Under the policy's "Procedures" section, a petition with a minimum of 200 signatures is required for the board to consider a naming or renaming of a facility, which should identify "why the current facility name is obsolete or inappropriate."
It also mandates that the district notify the person or group who submitted the petition (or nomination) for the name change within 60 days of receiving it to advise them on whether or not the board will vote on conducting an open public discussion on the matter.
The board was patient with the packed crowd, allowing everyone who wished to speak the opportunity to approach the microphone.
Other proud alumni, including 1959 graduate Len Schroeder, shared their memories of their time spent in Malverne High School and pleaded that the board uphold the current name.
"Malverne has always been Malverne High School and should stay Malverne High School," he said, adding that his father even graduated from this school in 1921.
"I am now and will always be a very proud Malverne Mule, " said Ray Carter, Class of '94. "I think we should name something after [Cherry] but not the high school. It's much bigger than any one person, any one neighborhood or any one group."
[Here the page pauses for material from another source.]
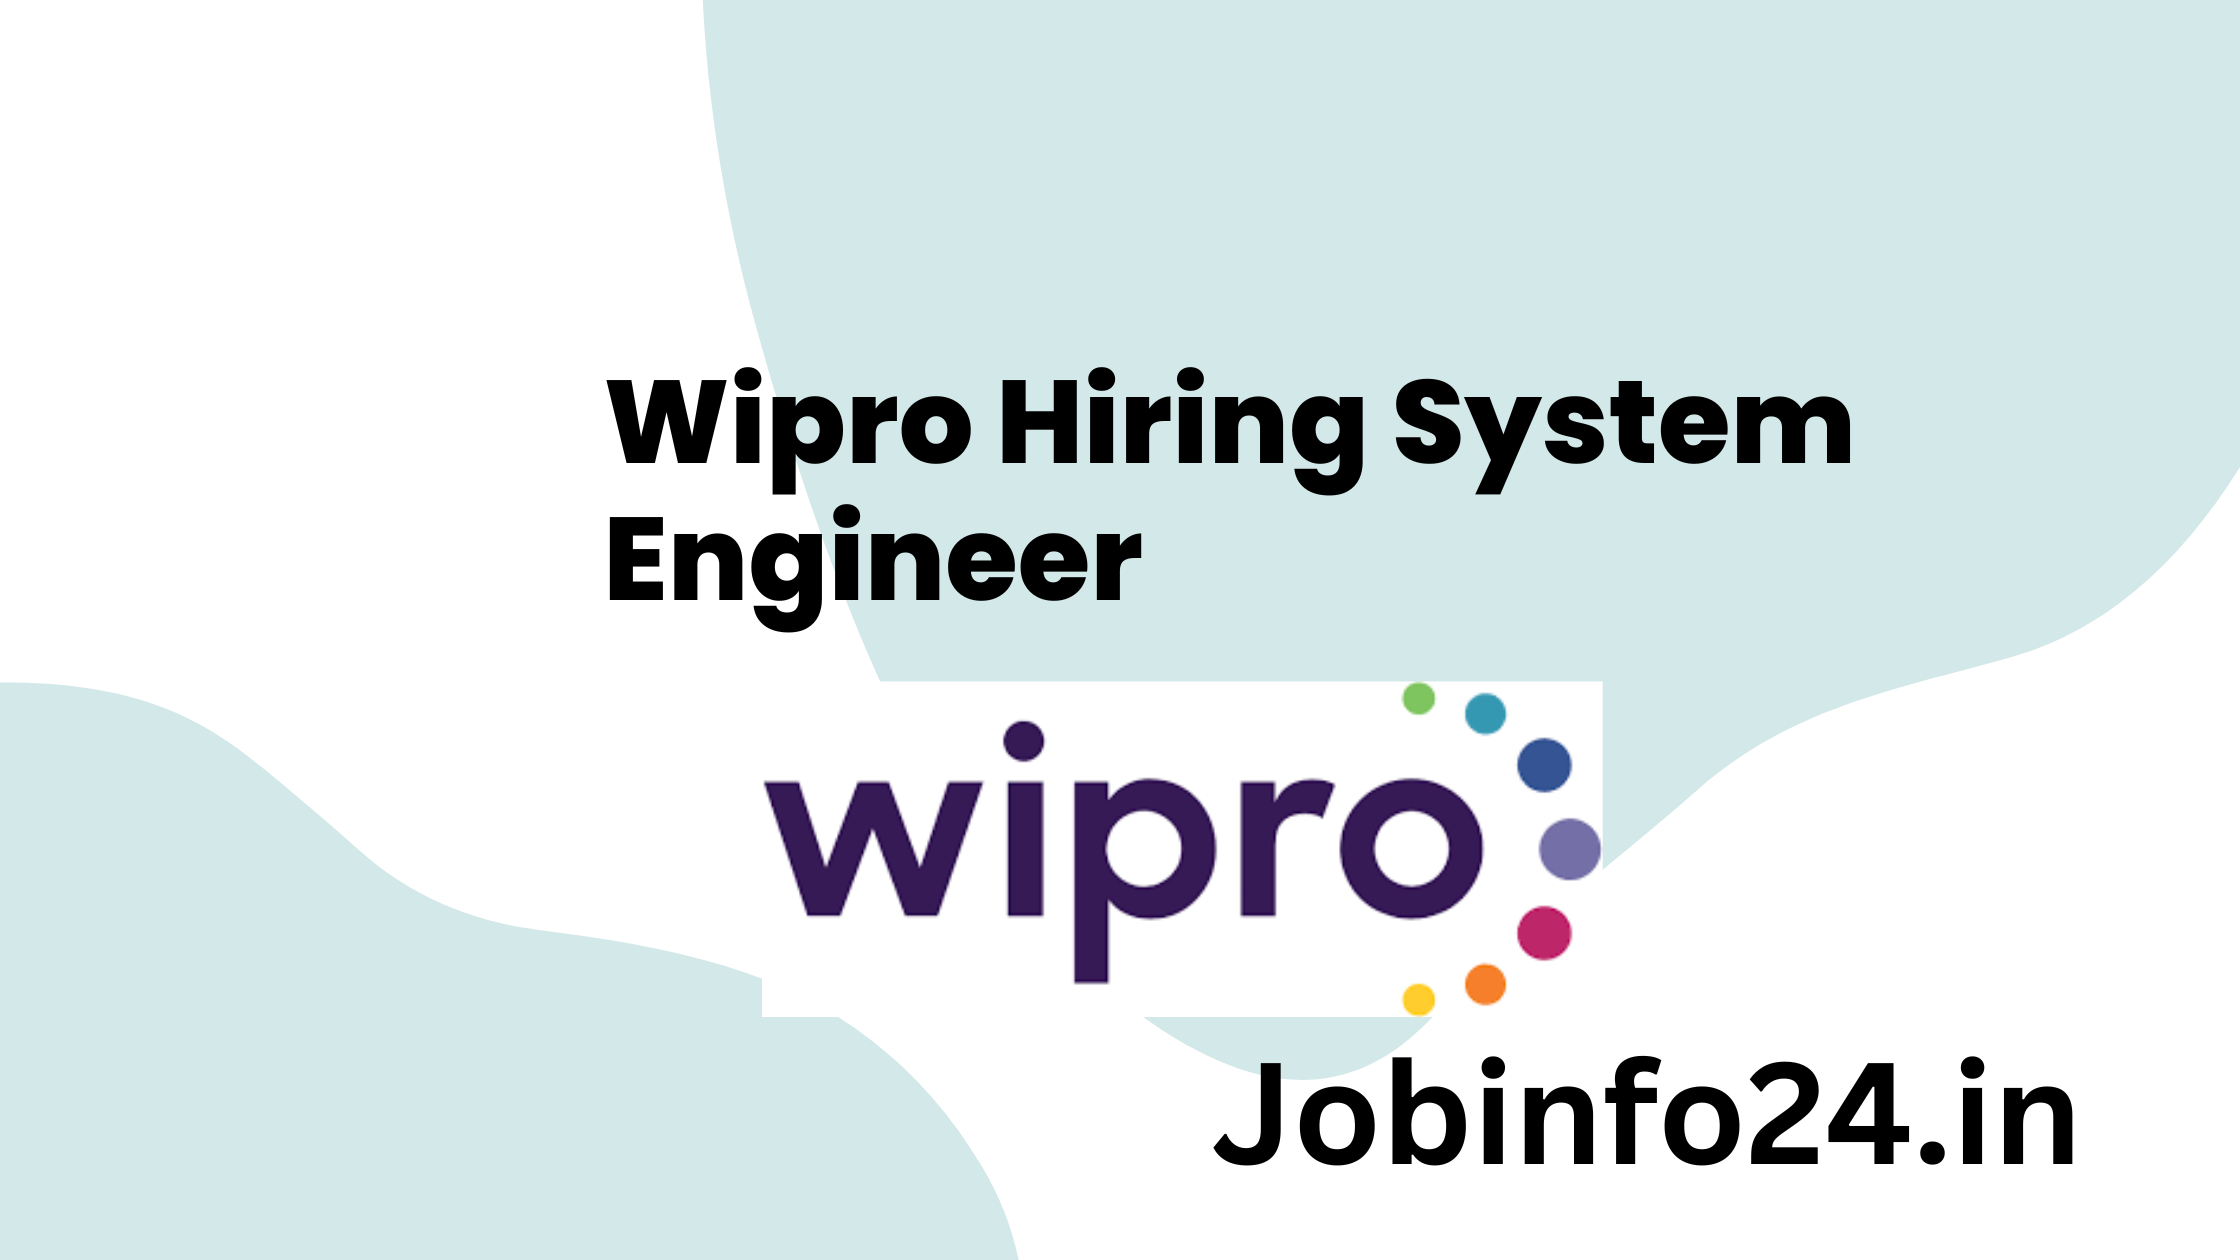 Wipro Hiring System Engineer

Students, parents and some faculty in attendance who sported their own T-shirts indicating that they have been working without a contract, campaigned instead for the district to move on from the renaming issue and focus on more pressing matters.
"Changing the name will not change the academics," one Malverne student from Lynbook said. "I don’t feel this should be the main focus. Teachers are getting laid off, some of our great teachers who mentor us and push us, and teachers are working without a contract and our main focus is changing the name of the high school."
One Downing parent even pointed out that the district has already paid tribute to Cherry by planting cherry tree in her honor to her on the school's property. (However, according to a faculty member, no dedication has taken place yet.)
"I personally don't care if the school is called 'school,'" said one mother who recently moved into the district and was contemplating sending her gifted 11-year-old son to the public schools. "I want to make sure the academics are the main focus of this school district before I bring my child here."
She posed the question to the board and community, "Should I send my child to this public school?"